Many consumers have their own Wi-Fi networks at home or go to coffee shops where they can avail of free Wi-Fi.
When asked about AT&T's exclusive rights to U.S. sales of Apple's iPhone, Stephenson said iPhone would be "an important part" of AT&T's phone line up "for quite some period of time."
But he did not comment on timing related to the exclusivity agreement, which has helped AT&T win customers from rivals such as market leader Verizon Wireless, a venture of Verizon Communications (VZ.N) and Vodafone Group Plc (VOD.L).
Some analysts expect the exclusivity agreement with Apple to end this year, but others expect AT&T to do anything it takes to extend the deal because iPhone is integral to its growth.
AT&T has admitted to network problems in markets such as New York City and San Francisco where there are a large number of bandwidth hungry iPhone users.
Stephenson said the company would show considerable improvements in its network in those metropolitan areas.

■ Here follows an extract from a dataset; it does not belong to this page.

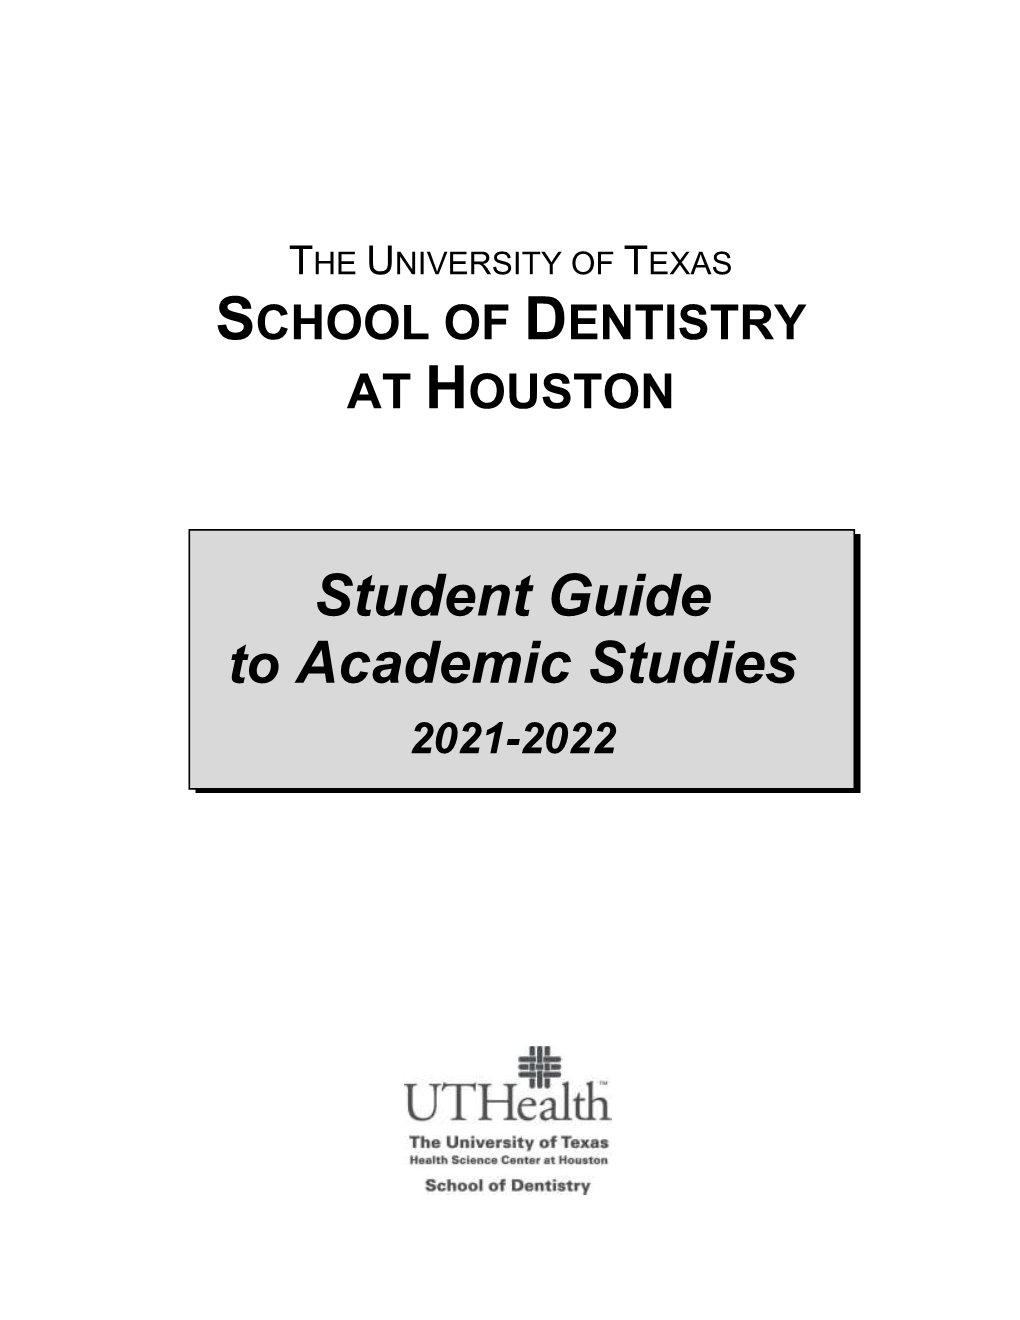 2021-2022 Student Guide to Academic Studies

"We've got a ways to go, but we think this quarter will really move the needle considerably in both of these markets," he said.

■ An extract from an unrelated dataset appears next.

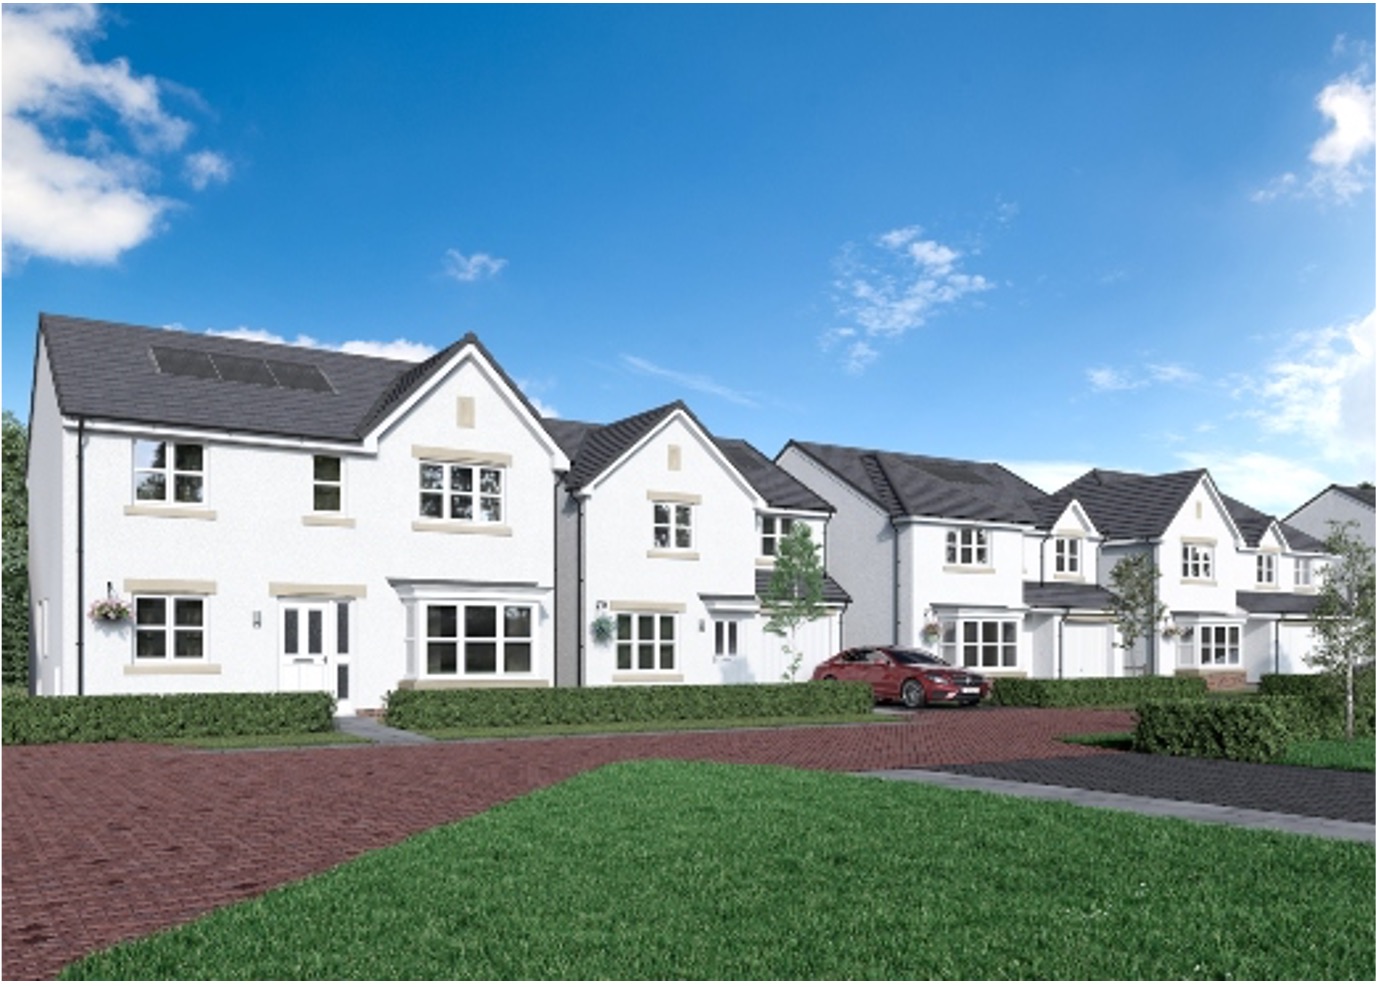 Miller Homes announces 17-acre land purchase at West Craigs in Edinburgh

Stephenson expects changes in how the wireless industry prices its mobile data services going forward, with heavy data users being charged more. Smartphone users currently pay a monthly fee of about $30 for unlimited data.
"For the industry, we'll progressively move towards more of what I call variable pricing so the heavy (use) consumers will pay more than the lower consumers," Stephenson said.
He expects the Federal Communications Commission to focus on how to push mobile broadband further when it announces a National Broadband plan later this month.
Stephenson also said he was optimistic about how the telecom regulator would deal with the issue of net neutrality - the idea that carriers should not be able to control which Web services consumers can access.
"I'm actually fairly optimistic net neutrality will land at a reasonable place," Stephenson said.
But he questioned how the FCC would achieve its proposed goal of putting Internet connections of 100 megabits per second to U.S. homes.
"If the objectives are 100 megabits capability to every home in the United States that is going to require a lot of investment. To drive that kind of investment will require a redirecting of the subsidies that exist today," he said.